I need to write a recusive function that recive an integer num and returns the number of solutions to the equation :x1 + x2 + x3 = num, where x1,x2,x3 are numbers between 1-10, the method should print all solutions.
For example if num=3 then the method will print 1+1+1 and will return 1.
if num=5 the method will return 6 and will print:
1 + 1 + 3
1 + 2 + 2
1 + 3 + 1
2 + 1 + 2
2 + 2 + 1
3 + 1 + 1
if num<3 or num>30 the method will return 0.
The method should be recursive without using loops. Global variables are not allowed. Lists are also not allowed.

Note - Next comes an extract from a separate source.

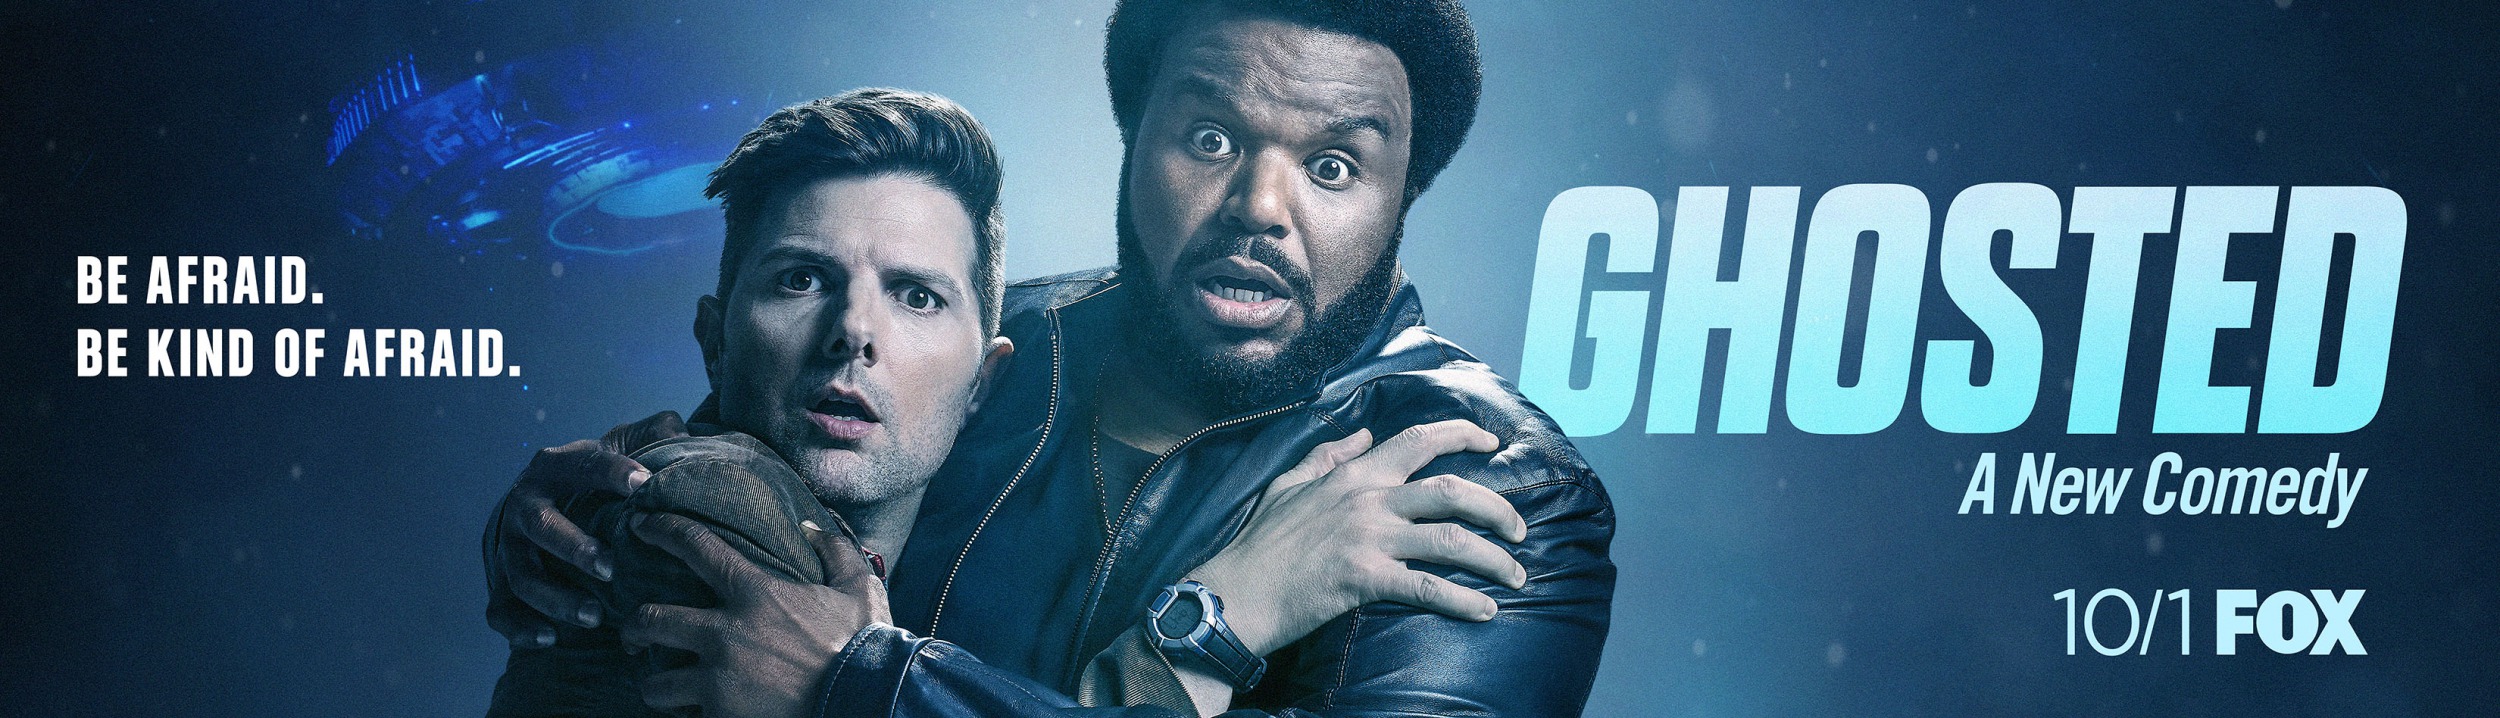 Mega Sized TV Poster Image for Ghosted (#4 of 4)

Here my code, it works fine but it also prints duplicates, for num=5 it prints:
3 + 1 + 1
2 + 2 + 1
2 + 1 + 2
2 + 2 + 1
1 + 3 + 1
1 + 2 + 2
2 + 1 + 2
1 + 2 + 2
1 + 1 + 3
Here is my code:
public static void main(String[] args) {
System.out.println("num of solutions: "+solutions(5));
}
public static int solutions(int num)
{
if (num < 3 || num > 30)
return 0;
return solutions(num, 1, 1, 1);
}
private static int solutions(int num, int x1, int x2, int x3)
{
if (x1 < 1 || x1 > 10 || x2 < 1 || x2 > 10||x3 < 1 || x3 > 10)
return 0;
if (x1 + x2 + x3 > num)
return 0;
if (x1 + x2 + x3 == num)
{
System.out.println(x1 + " + " + x2 + " + " + x3);
return 1;
}
return solutions(num, x1 + 1, x2, x3) + solutions(num, x1, x2 + 1, x3) + solutions(num, x1, x2, x3 + 1);
}
How do I get the desired output without duplicates?

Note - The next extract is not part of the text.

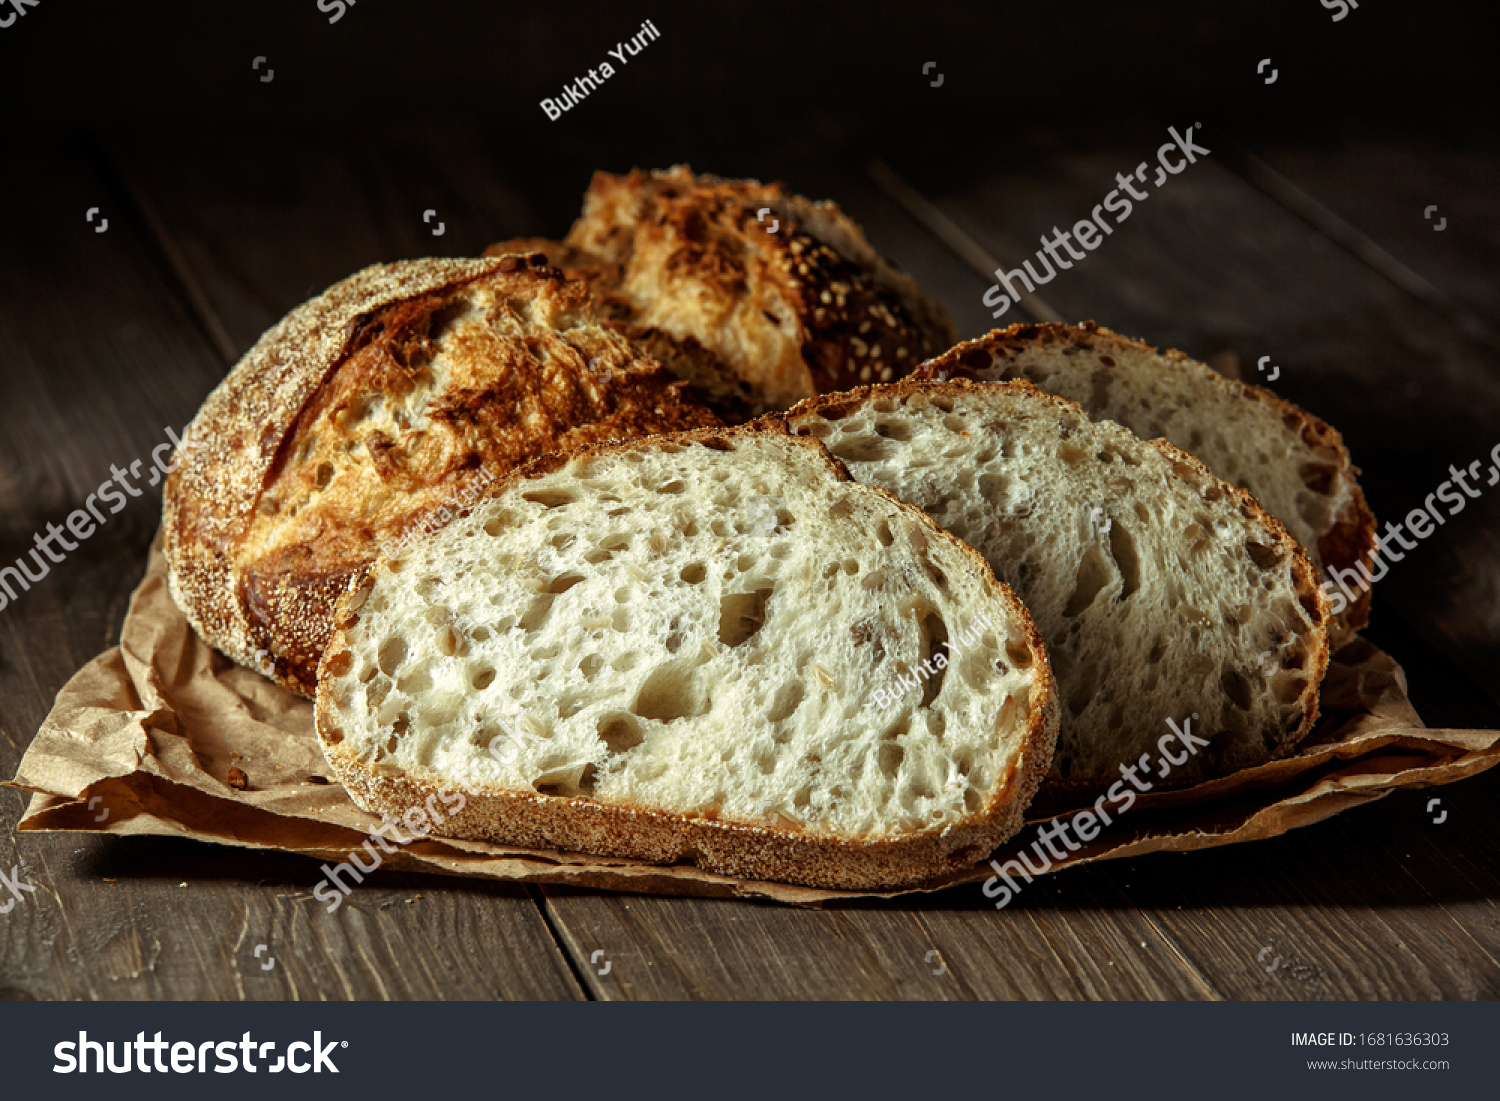 Bread, traditional sourdough bread cut into slices on a rustic wooden background. Concept of traditional leavened bread baking methods. Healthy food. #1681636303

The reason why you're getting duplicates is that both solutions(1,2,1) and solutions(2,1,1) will lead you to 2 + 2 + 1.
The trivial way of not getting duplicate for three digits is count up from 111 to 10,10,10 as if it was a decimal integer:
private static int solutions(int num, int x1, int x2, int x3)
{
if (x1 > 10 || x1 > num)
return 0;
if (x2 > 10 || x1+x2 > num)
return solutions(num, x1+1, 1, 1);
if (x3 > 10 || x1+x2+x3 > num)
return solutions(num, x1, x2+1, 1);
int me = 0;
if (x1+x2+x3 == num) {
System.out.printf("%d + %d + %d\n", x1, x2, x3);
me=1;
}
return me + solutions(num, x1, x2, x3+1);
}
This mimics your approach of searching through the full space with pruning, but a more efficient solution could just search through x1 and x2 and set x3=num-x1-x2.